- Genre: Action Crime comedy
- Directed by: Vojtěch Moravec
- Starring: Vojtěch Kotek, Anna Polívková
- Country of origin: Czech Republic
- Original language: Czech
- No. of seasons: 2
- No. of episodes: 16

Production
- Running time: 55-75 minutes

Original release
- Network: Prima televize
- Release: May 8, 2021

= Einstein – Případy nesnesitelného génia =

Czech police drama

Einstein – Případy nesnesitelného génia (Einstein) is a Czech television series from Prima televize. The series is about Professor Filip Koenig, who inherited genius from his great-great-grandfather Albert Einstein and now supports the Prague criminal police as a consultant. It is based on German series Einstein.

==Plot==
33-year-old professor Filip Koening, born on July 25, 1986, is allegedly the great-great-grandson of Albert Einstein. Filip suffers from hereditary Huntington's disease and has 7 years left to live at most. He lives his life to the fullest due to this. When he tries to steal medicine from the doctor's office during one medical appointment to slow his deteriorating health, he is arrested and sent to prison. There he becomes involved in a murder investigation and slowly begins to unravel a complex case.
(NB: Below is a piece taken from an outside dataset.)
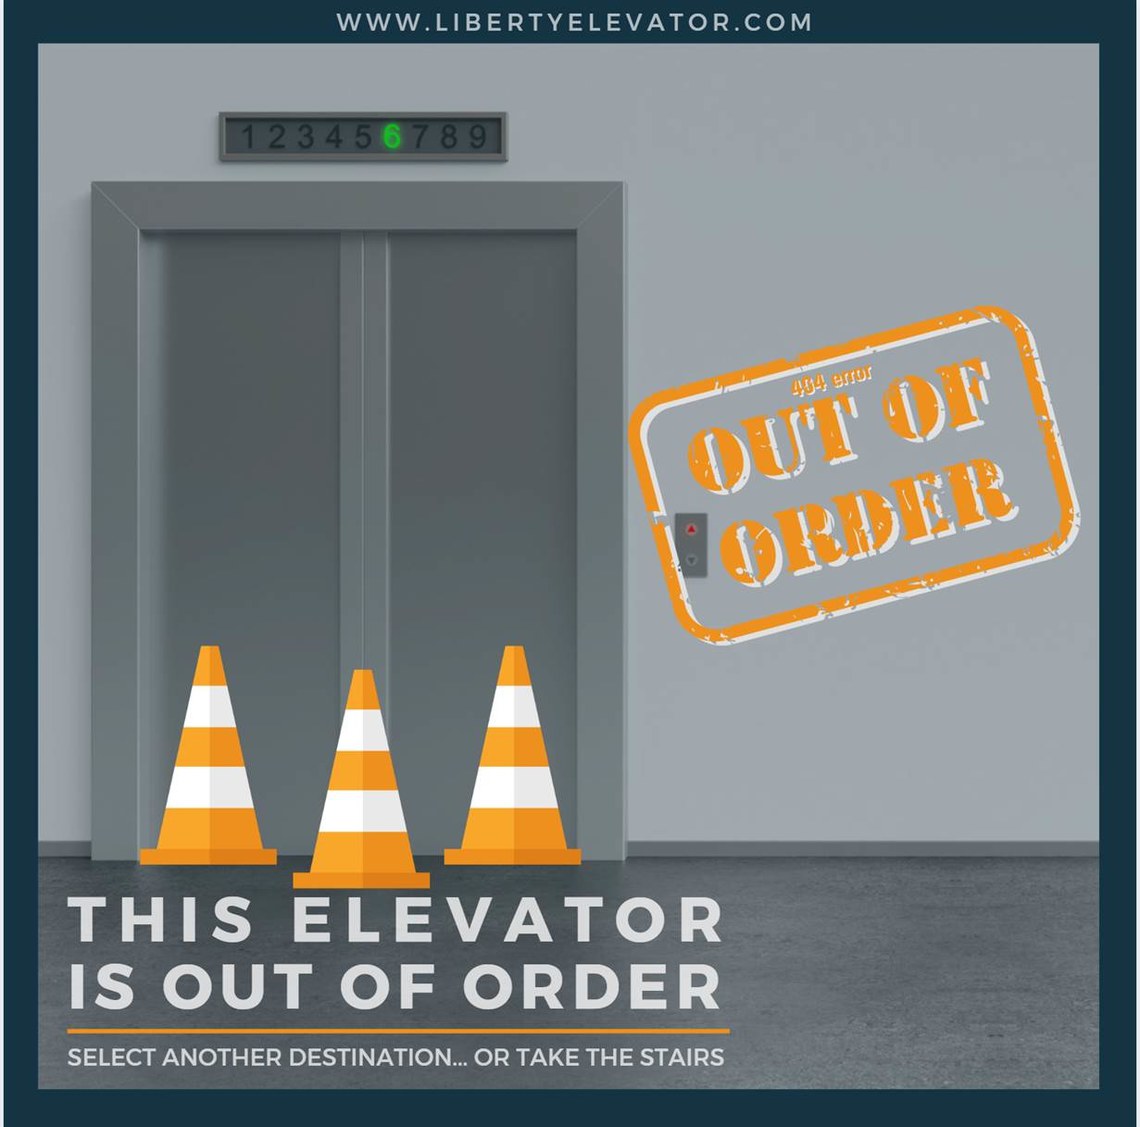 This Elevator is out of order sign with image of elevator and orange cones

The police understands that Filip could be useful with his genius reasoning. He gets an offer from the head of the Homicide Department n that he can become a consultant, or he can stay in prison. Filip chooses the first option, although he doesn't like it very much.

==Cast==

Cast
| Character | Actor | Seasons | Episodes | Year | Notes |
|---|---|---|---|---|---|
| prof. Mgr. Filip Koenig | Vojtěch Kotek | 1,2 | 1–8 | 2021 | 33 year old university professor and advisor to the homicide department of Prague Police. |
| kpt. Mgr. Lenka Vrabcová | Anna Polívková | 1,2 | 1–8 | 2021 | Chief Commissioner of the Homicide Department who has a son Kryštof |
| mjr. Mgr. Ivan Urban | Pavel Zedníček | 1,2 | 1–8 | 2021 | Chief Commissioner, head of the homicide department |
| npor. Bc. Soňa Svobodová | Eva Podzimková | 1,2 | 1–8 | 2021 | Commissioner, forensic analyst, police technician and Lenka's best friend |

==Episodes==
===Season 1===

| No. in season | Title | Directed by | Written by | Original release date | Czech viewers (in millions) |
|---|---|---|---|---|---|
| 1 | "Kinetika" | Vojtěch Moravec | Marek Hlavica (Mathias Dinter, Martin Ritzenhoff a Thomas Jahn) | May 8, 2021 | 1.068 |
| 2 | "Balistika" | Vojtěch Moravec | Marek Hlavica (Mathias Dinter, Martin Ritzenhoff a Thomas Jahn) | May 15, 2021 | 0.940 |
| 3 | "Gravitace" | Vojtěch Moravec | Marek Hlavica (Mathias Dinter, Martin Ritzenhoff a Thomas Jahn) | May 22, 2021 | 0.928 |
| 4 | "Mikrovlny" | Vojtěch Moravec | Marek Hlavica (Mathias Dinter, Martin Ritzenhoff a Thomas Jahn) | May 29, 2021 | 0.871 |
| 5 | "Meganewton" | Vojtěch Moravec | Marek Hlavica (Mathias Dinter, Martin Ritzenhoff a Thomas Jahn) | June 5, 2021 | 0.726 |
| 6 | "Termodynamika" | Vojtěch Moravec | Marek Hlavica (Mathias Dinter, Martin Ritzenhoff a Thomas Jahn) | June 12, 2021 | 0.695 |
| 7 | "Magnetismus" | Vojtěch Moravec | Marek Hlavica (Mathias Dinter, Martin Ritzenhoff a Thomas Jahn) | June 19, 2021 | 0.606 |
| 8 | "E.M.P." | Vojtěch Moravec | Marek Hlavica (Mathias Dinter, Martin Ritzenhoff a Thomas Jahn) | June 26, 2021 | 0.671 |

===Season 2===
Season 2 premiered on streaming service Prima+ during July 2023. It was broadcast on Prima channel starting 25 October 2023.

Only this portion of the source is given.